This is an opinion that has long echoed through the halls of the forum, and I’m not sure it’s as straight-forward as it may seem.
First of all, the idea that 6 kyu is not a good estimate for the average strength of a newcomer to the site: according to the histogram it’s actually not that far off (it’s bang on if we talk about modes, and it’s only slightly off if we talk about medians), though that might partially be caused by a self-fulfilling prophecy.
But the rating doesn’t appear to have drifted too much since the 2021 system has been in place, so I don’t think that applies.

One could also say that if it’s true that it’s too high an estimate, that arguably makes it a good countermeasure to alt-sandbagging – by making setting up a new sandbagging account annoying because you have to keep losing on purpose until the rank is established.
Specifically, it might be a good countermeasure for sandbagging in the lowest ranks, the kind that afflicts beginners in self-identifying rank systems. In other words, the longer it takes for the true weakest players to reach their true rating, the more annoying it is for people who want to sandbag at those levels to get there, thus discouraging them to keep doing it.

I don’t know if that’s true, and even then I don’t know if it’s necessarily worth making it more difficult for beginners, but… it’s a point

meowkorkor · December 29, 2022, 1:48pm

Could someone clarify what sandbagging is in a Go/OGS context? I know that in some other sports, it is deliberately playing weaker and losing rating points in less significant games, to gain an unfair advantage in more important games. Never heard of airbagging.

Other questions:

What is the relationship between sandbagging and rating inflation or deflation? Does one cause the other?
How do other Go servers handle ratings for new accounts?
Does OGS have many established TPK players?

While beginners should expect to lose most of their games, the process does affect their experience (and whether they continue playing). There is a huge difference between:

A beginner playing a proper game against a “real” 6 kyu who simply captures every single group of theirs.
A beginner playing a teaching game against a “real” 6 kyu.
A beginner playing a proper game against a 16 kyu and losing, but at least making a few living groups and territory.

Conrad_Melville · December 29, 2022, 1:55pm

Having new accounts self-identify their rank was the system when I joined in Dec. 2016. OGS provided a short rubric to aid in self-identification. That system was abandoned when the first iteration of Glicko-2 was introduced.
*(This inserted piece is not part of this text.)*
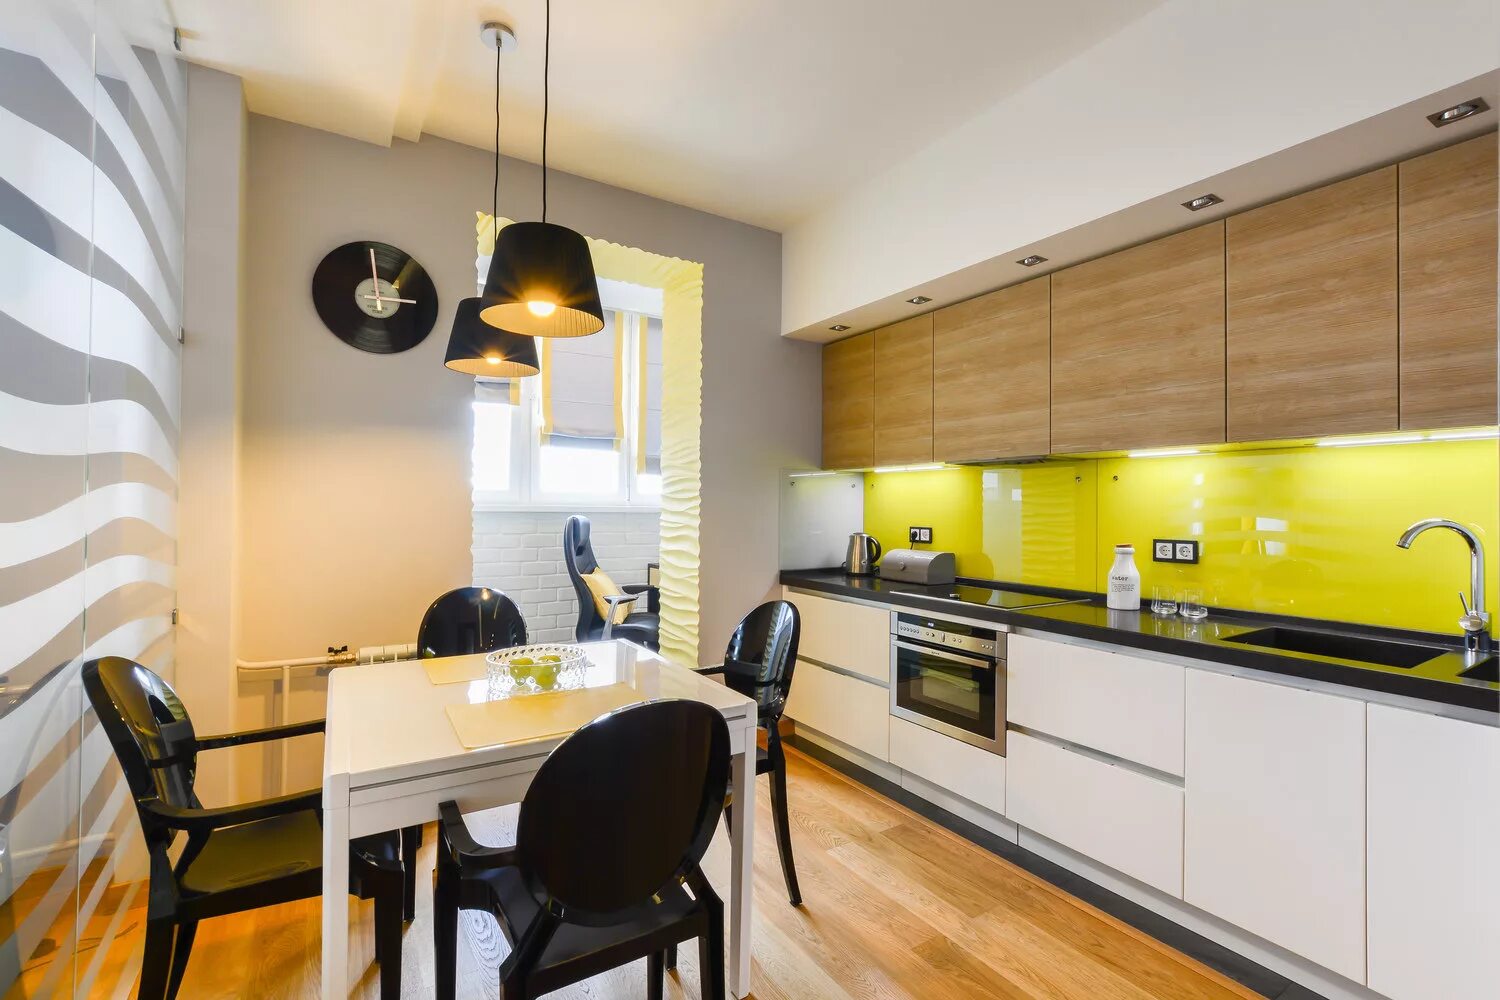 Бело желтая кухня. Интерьер кухни. Кухня в желтом цвете. Современный интерьер кухни. Желтая кухня в интерьере.

Sandbagging is very rarely reported, and then only in vague terms (“that guy is a lot stronger than…”) or of rank manipulators (resigning from won games, etc.). The influx of experienced players new to OGS makes it impossible to say someone is sandbagging just because they are strong. And rank manipulation is trivial compared to alt sandbagging, which is virtually undetectable by non-moderators.

Although starting players with a pseudo-rank (whether 6k or 12k) slightly limits the effect of sandbagging, it is too slight to give it consideration.

In sum, sandbagging is a separate issue. I think it is best to devise the best rating system without taking it into consideration, with one exception: talking about the win-rates of provisional accounts is an exercise in fantasy since the exact effect of sandbagging on those accounts is unknowable.

espoojaram · December 29, 2022, 2:18pm

As always semantics gets in the way, but I use “sandbagging” as an umbrella term for “anyone who deliberately acts in a way that will cause their rank to be lower than their true ability, for whatever reason”.
“Unintentional sandbagging” should be self-explanatory. “Airbagging” is the same as sandbagging but substitute “higher” in the place of “lower”. Usually done to boast, troll strong players, or just to get to play them.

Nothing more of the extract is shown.